Fedora 33: pngcheck 2020-f3a397cbf8
Summary
pngcheck verifies the integrity of PNG, JNG and MNG files (by checking the
internal 32-bit CRCs [checksums] and decompressing the image data); it can
optionally dump almost all of the chunk-level information in the image in
human-readable form. For example, it can be used to print the basic statistics
about an image (dimensions, bit depth, etc.); to list the color and
transparency info in its palette (assuming it has one); or to extract the
embedded text annotations. This is a command-line program with batch
capabilities.
The current release supports all PNG, MNG and JNG chunks, including the newly
approved sTER stereo-layout chunk. It correctly reports errors in all but two
of the images in Chris Nokleberg's brokensuite-20061204.

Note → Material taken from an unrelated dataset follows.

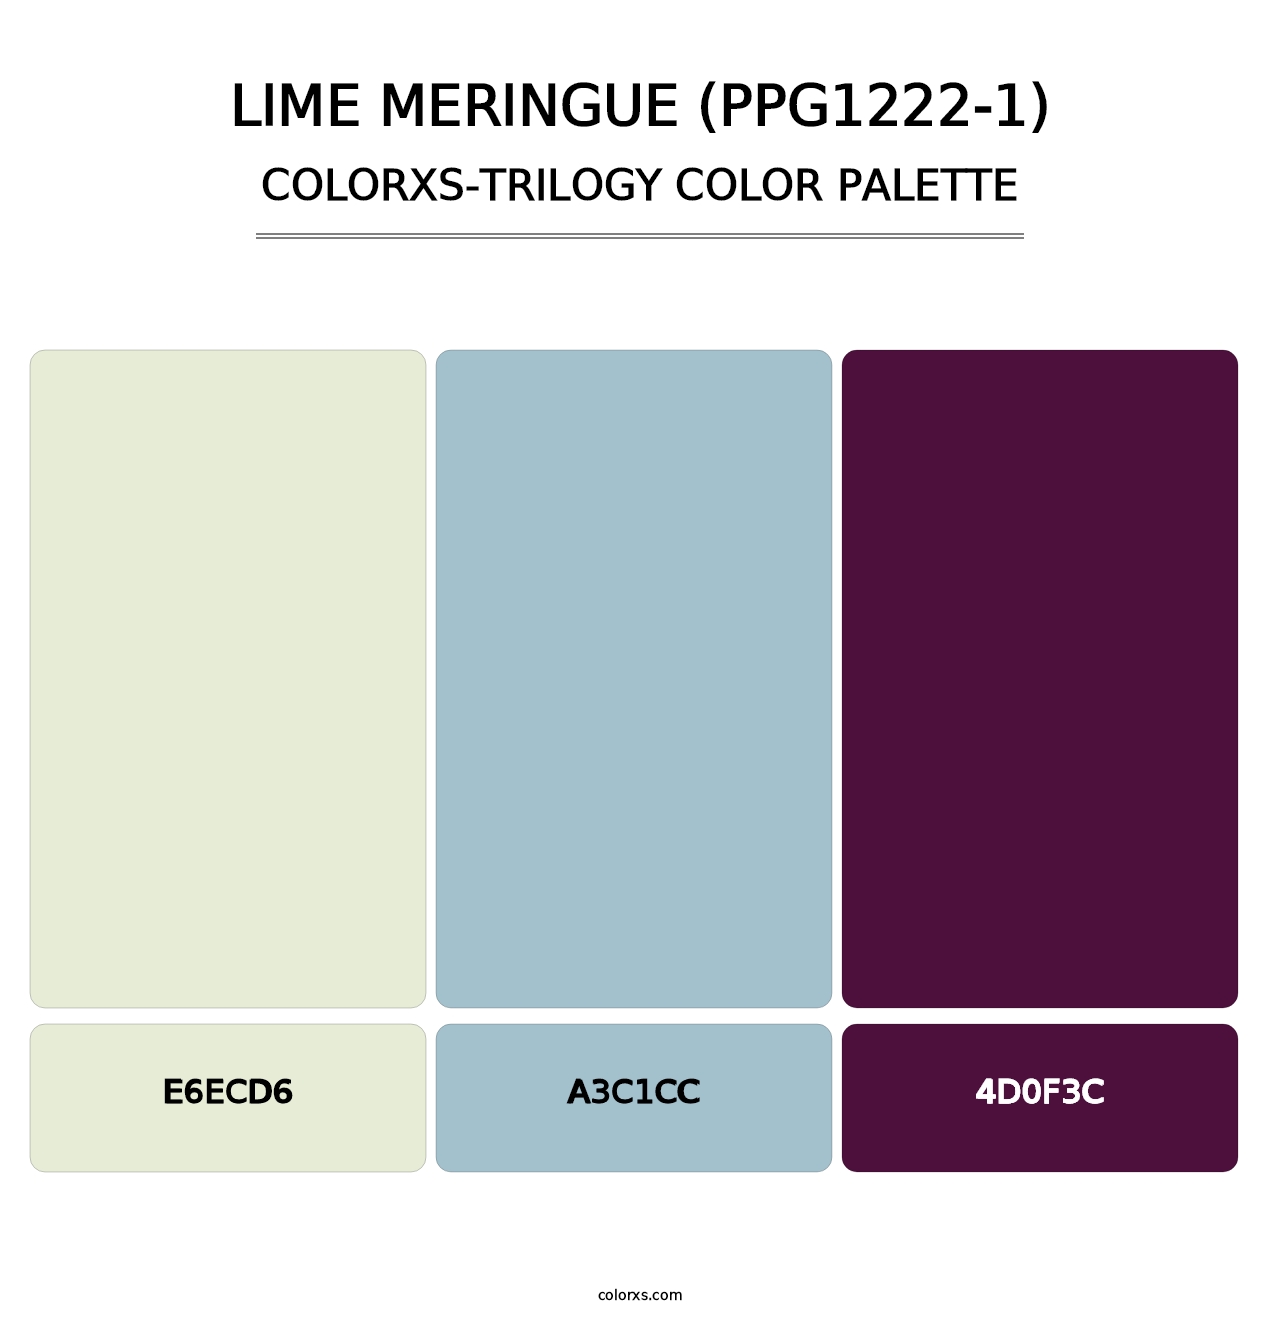 Lime Meringue (PPG1222-1) - Colorxs Trilogy Palette

Previous fix for buffer overrun printing the contents of the sPLT chunk in
certain malformed inputs (RHBZ#1905775) was incomplete; it should be properly
fixed now. ---- Security fix for multiple buffer overflows from crafted file
input (RHBZ#1902786,1902806,1902810: no CVE yet assigned), and for buffer
overrun printing the contents of the sPLT chunk in certain malformed inputs
(RHBZ#1905775: no tracking bug or CVE yet assigned); also, new eXIf support and
assorted small bug fixes
* Mon Dec 14 2020 Benjamin A. Beasley - 2.4.0-5
- Previous fix for buffer overrun printing the contents of the sPLT chunk in
certain malformed inputs (RHBZ#1905775) was incomplete; it should be properly
fixed now.
* Sun Dec 13 2020 Benjamin A. Beasley - 2.4.0-4
- Bounds-check all accesses into enumerated-value name arrays; a malformed file
could have caused a buffer overrun in several of these cases. (RHBZ#1902810)
- Fix buffer overrun when print_buffer() is passed a nonpositive size, which
can occur in practice for certain malformed inputs. (RHBZ#1902810)

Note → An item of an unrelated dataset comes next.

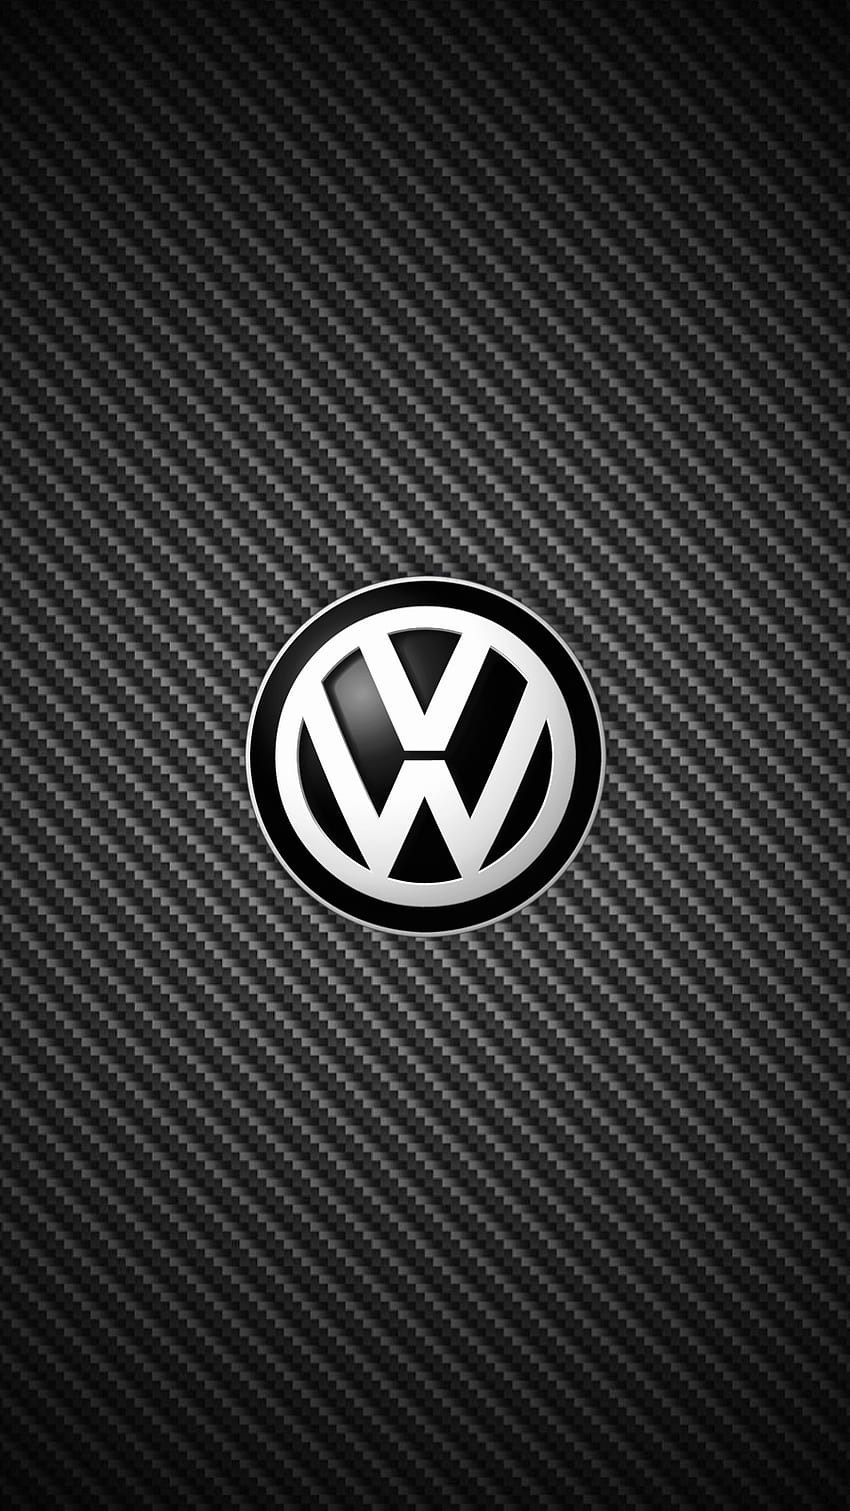 VW iPhone, Volkswagen iPhone HD phone wallpaper | Pxfuel

- In some cases, the chunk length from the file data (sz) is used to index into
the read buffer without sufficient bounds-checking, leading to a buffer
overrun. Fix this for PPLT, hIST, sCAL, FRAM, SAVE, nEED, PAST, DISC, DROP,
DBYK, ORDR, and SEEK chunks. (RHBZ#1902810)
- Fix buffer overrun printing the contents of the sPLT chunk in certain
malformed inputs. (RHBZ#1905775)
- Backport fix for off-by-one bug in check_magic() from 3.0.0
- Backport fix for zlib version warnings going to stdout from 3.0.0
- Use name macro when referencing patches.
- Add BR on make in anticipation of
https://fedoraproject.org/wiki/Changes/Remove_make_from_BuildRoot.
- New upstream version 2.4.0
- Added new license file for main package (same MIT-style license)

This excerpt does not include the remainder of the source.